Entering edit mode
Hi Noah,
On 03/02/2012 12:16 PM, Noah Hoffman wrote:
> Hello Herve,
>
> It has been a while... I hope you're doing well. I have a question
about the implementation of needleman-wunsch in pairwiseAlignment. We
have some ion torrent sequencing data. Like the 454, (except worse,
apparently) it likes to insert runs of homopolymers. The alignments
with the primers, etc would be improved considerably if we could
specify a lower penalty for a gap extension when there is a
homopolymeric insertion in the opposite strand (as opposed to an
insertion that is not a homopolymer). That is, two different gap
extension penalties. Is this possible in pairwiseAlignment?

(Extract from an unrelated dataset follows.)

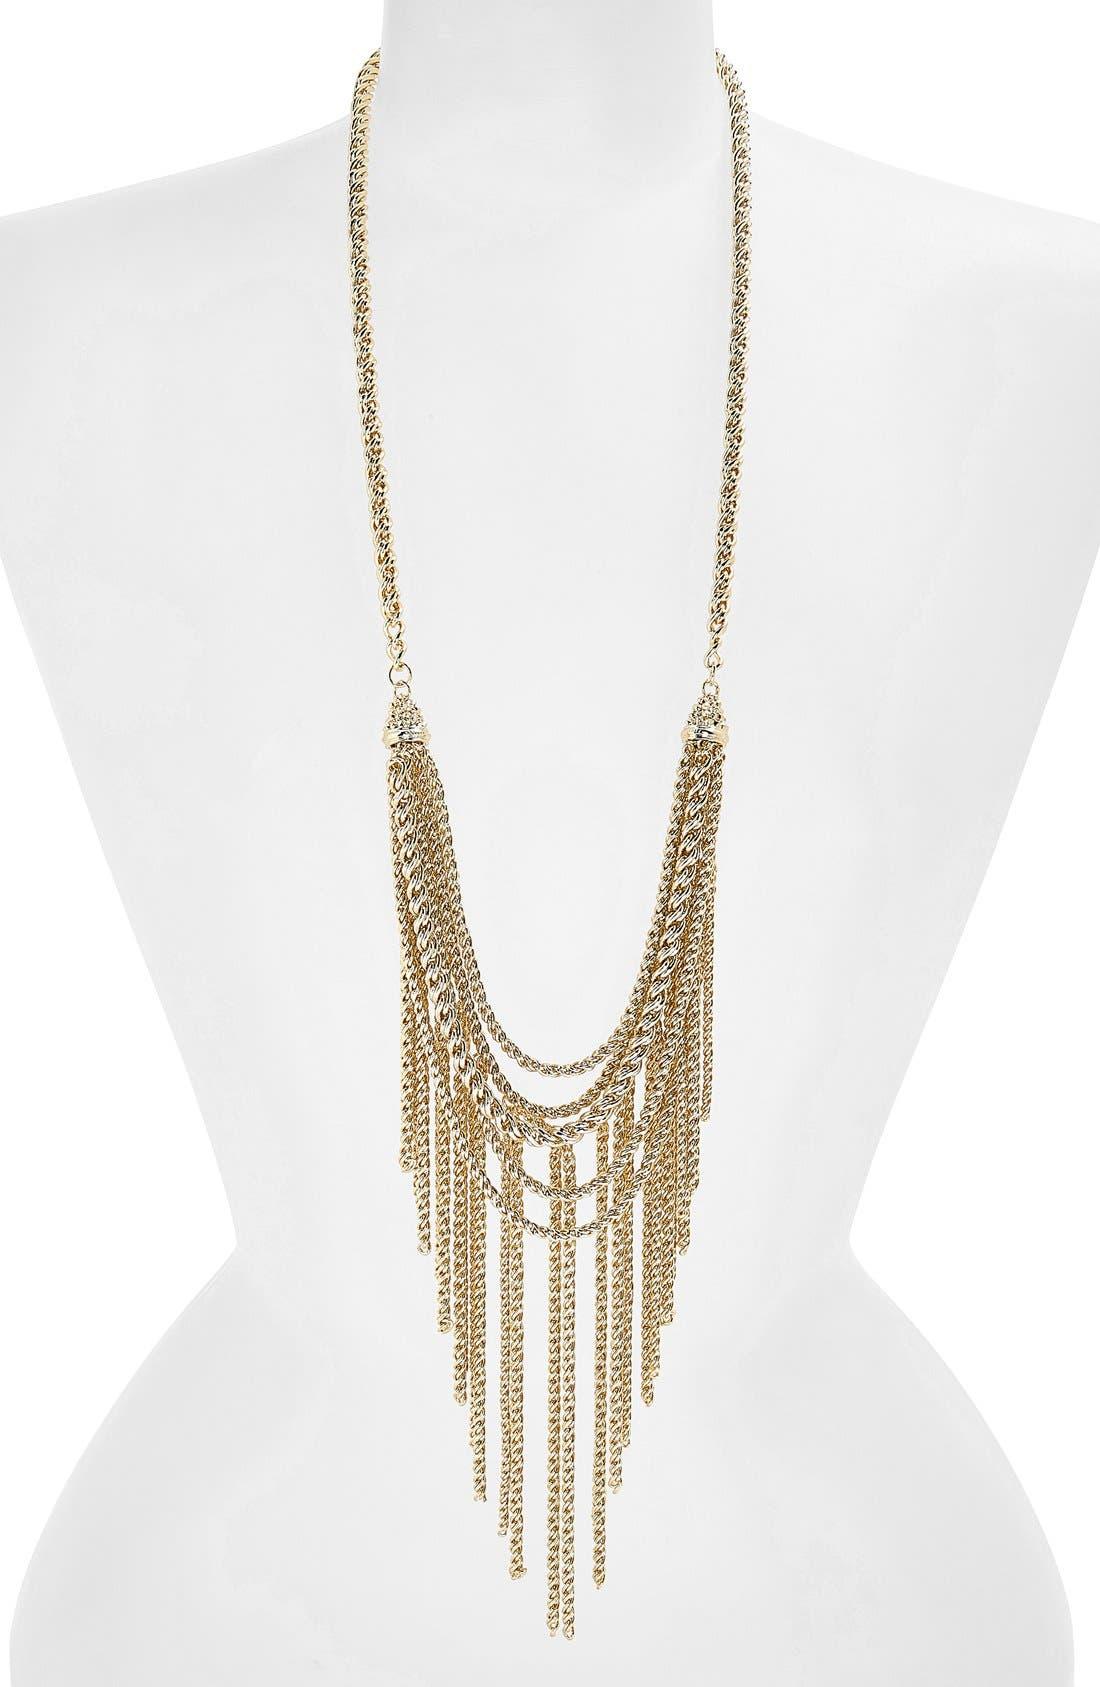 Main Image - Kendra Scott 'Landry' Long Chain Fringed Necklace

I guess that would be technically possible even though certainly not
straightforward. The Needleman-Wunsch / Smith-Waterman algos are
complicated algorithms and the current implementation in Biostrings
is from Patrick Aboyoun. Unfortunately I'm not familiar enough with
it to be able to tell exactly how hard it would be to add something
like the "homopolymeric insertion penalty" feature you propose but
my gut feeling is that it would probably require some significant
amount of work.
Just to clarify, why are you saying "in the opposite strand" when you
say:
specify a lower penalty for a gap extension when there is a
homopolymeric insertion in the opposite strand
Could you provide an example?
One workaround you could explore is to use a 2-pass algo (UNTESTED,
and I'm not sure it would do exactly what you want):
1st pass: Use pairwiseAlignment() with a gap penalty as low as the
penalty you'd like to put on homopolymeric insertions. You said
you were using Needleman-Wunsch so I'm assuming that you are doing
"global-global" alignment so you probably don't need to work around
one limitation of pairwiseAlignment() when doing "global-local"
which
is that it only returns the first best match.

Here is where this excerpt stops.